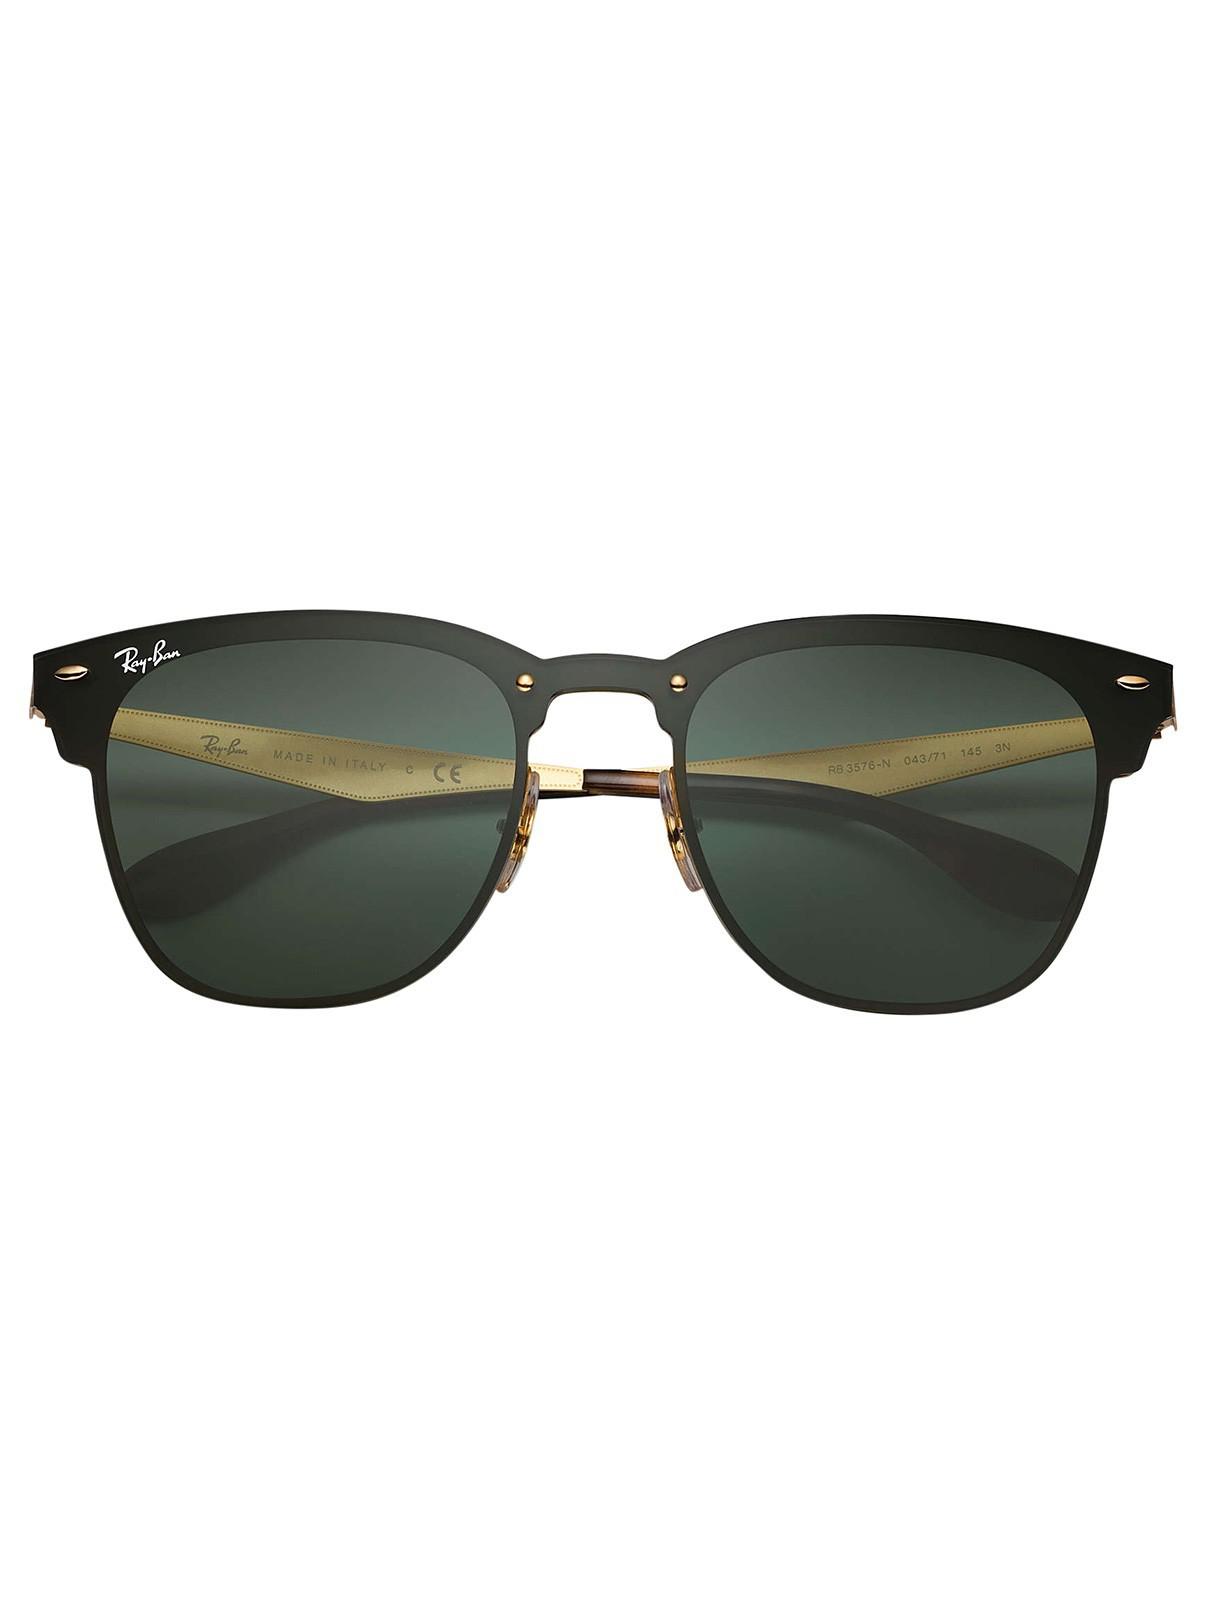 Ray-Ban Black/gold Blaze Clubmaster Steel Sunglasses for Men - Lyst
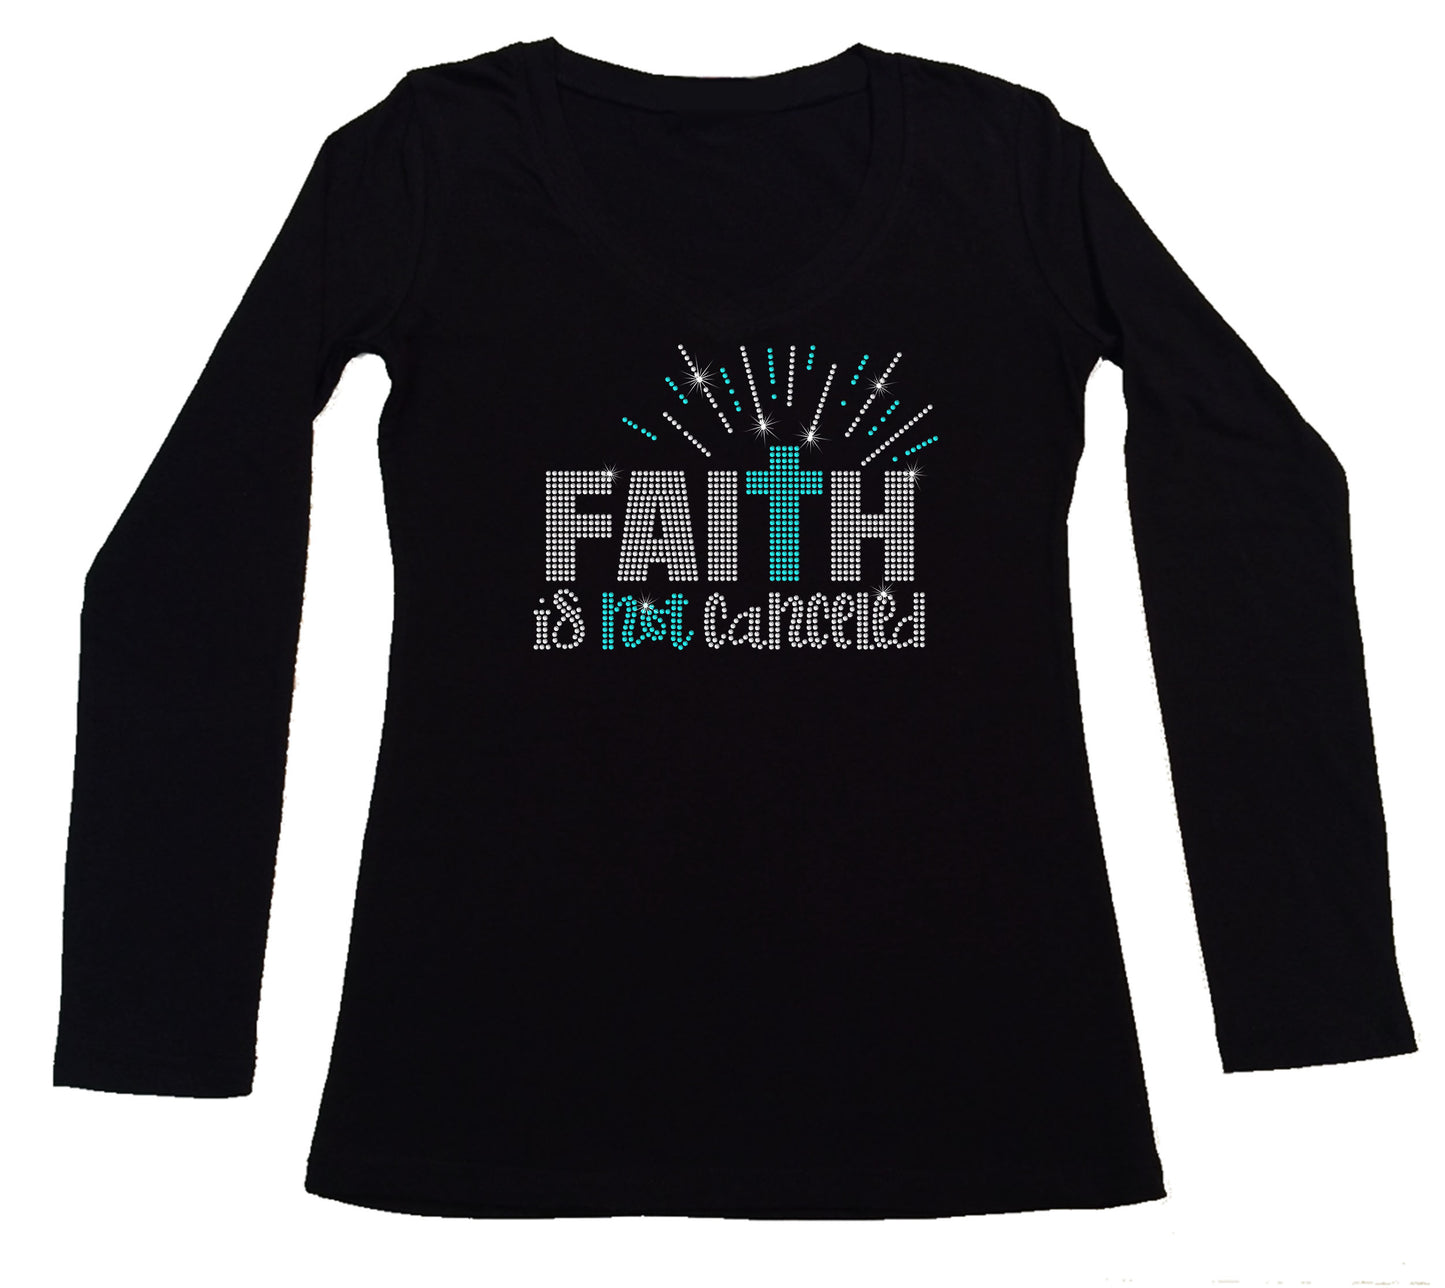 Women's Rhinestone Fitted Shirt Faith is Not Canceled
============================================================
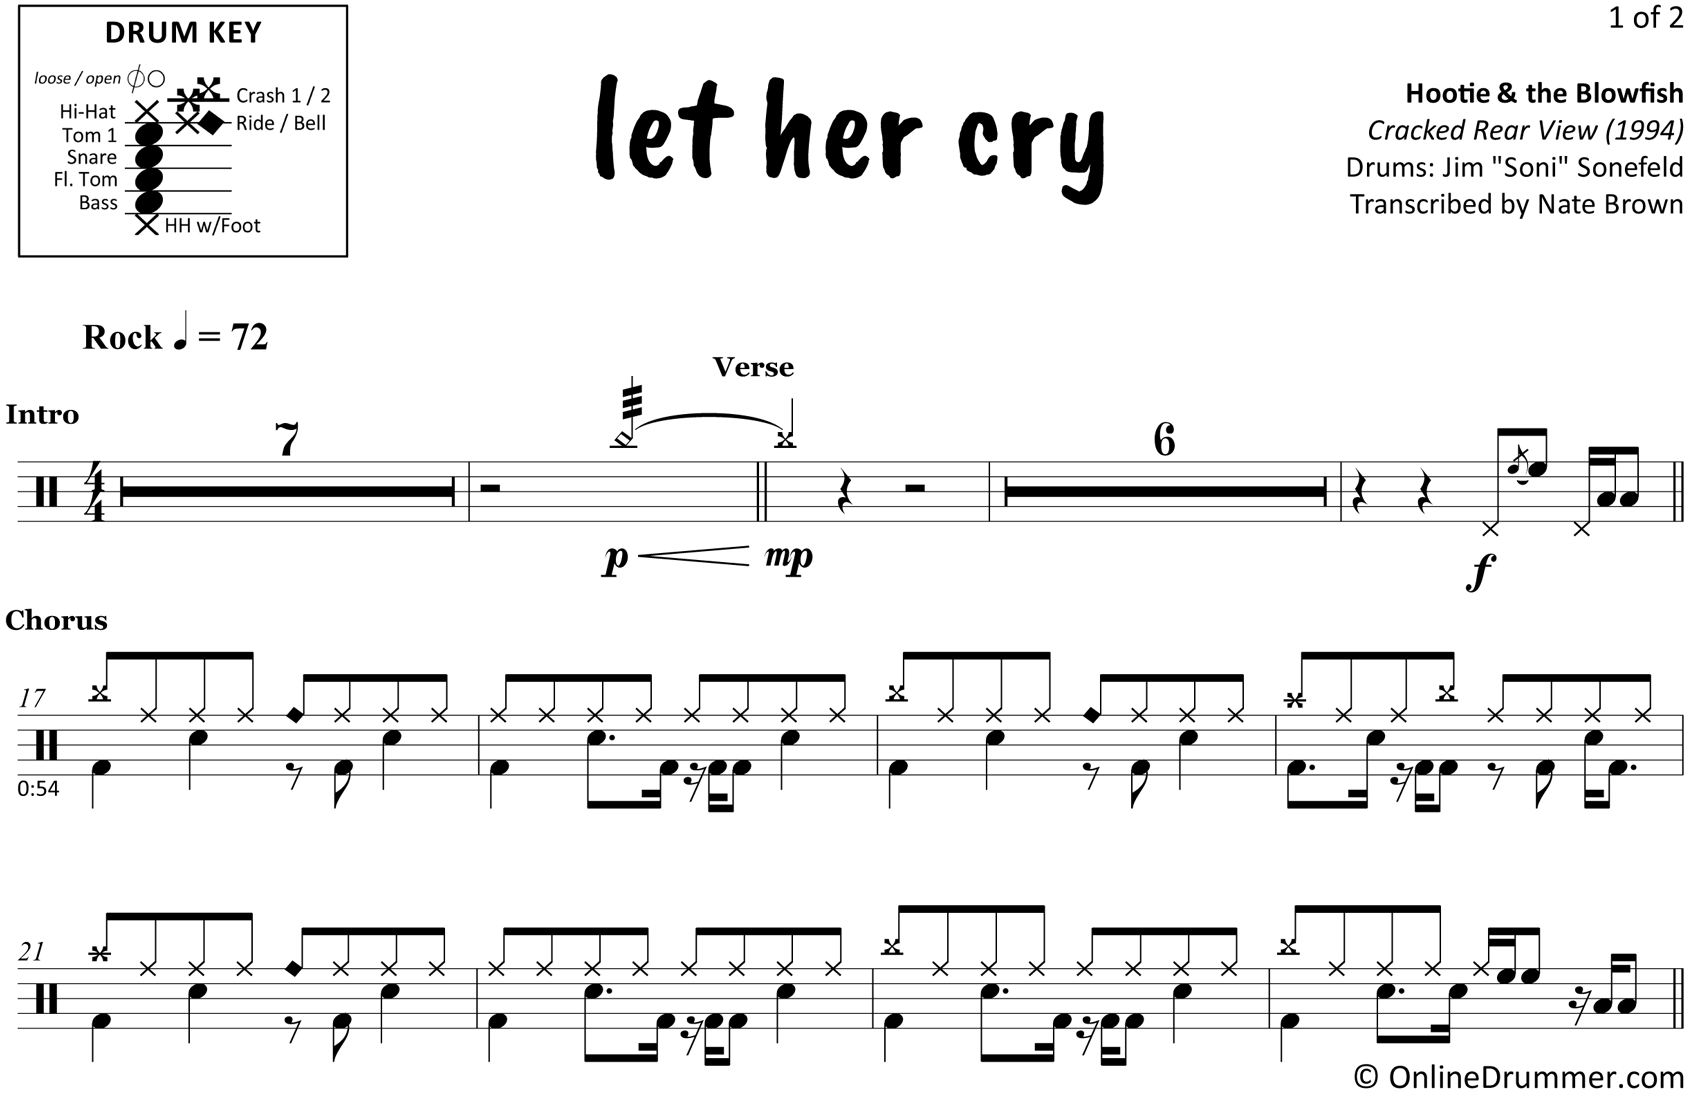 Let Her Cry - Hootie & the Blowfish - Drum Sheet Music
============================================================
• _TASK BRIEF_: An exact transcription is needed of the lines from the one with "Ray-Ban Black/gold Blaze" to the one with "Women's Rhinestone Fitted" above, both ends included, with pictures left out.

• _RESPONSE BOX_:
 Ray-Ban Black/gold Blaze Clubmaster Steel Sunglasses for Men - Lyst
 Women's Rhinestone Fitted Shirt Faith is Not Canceled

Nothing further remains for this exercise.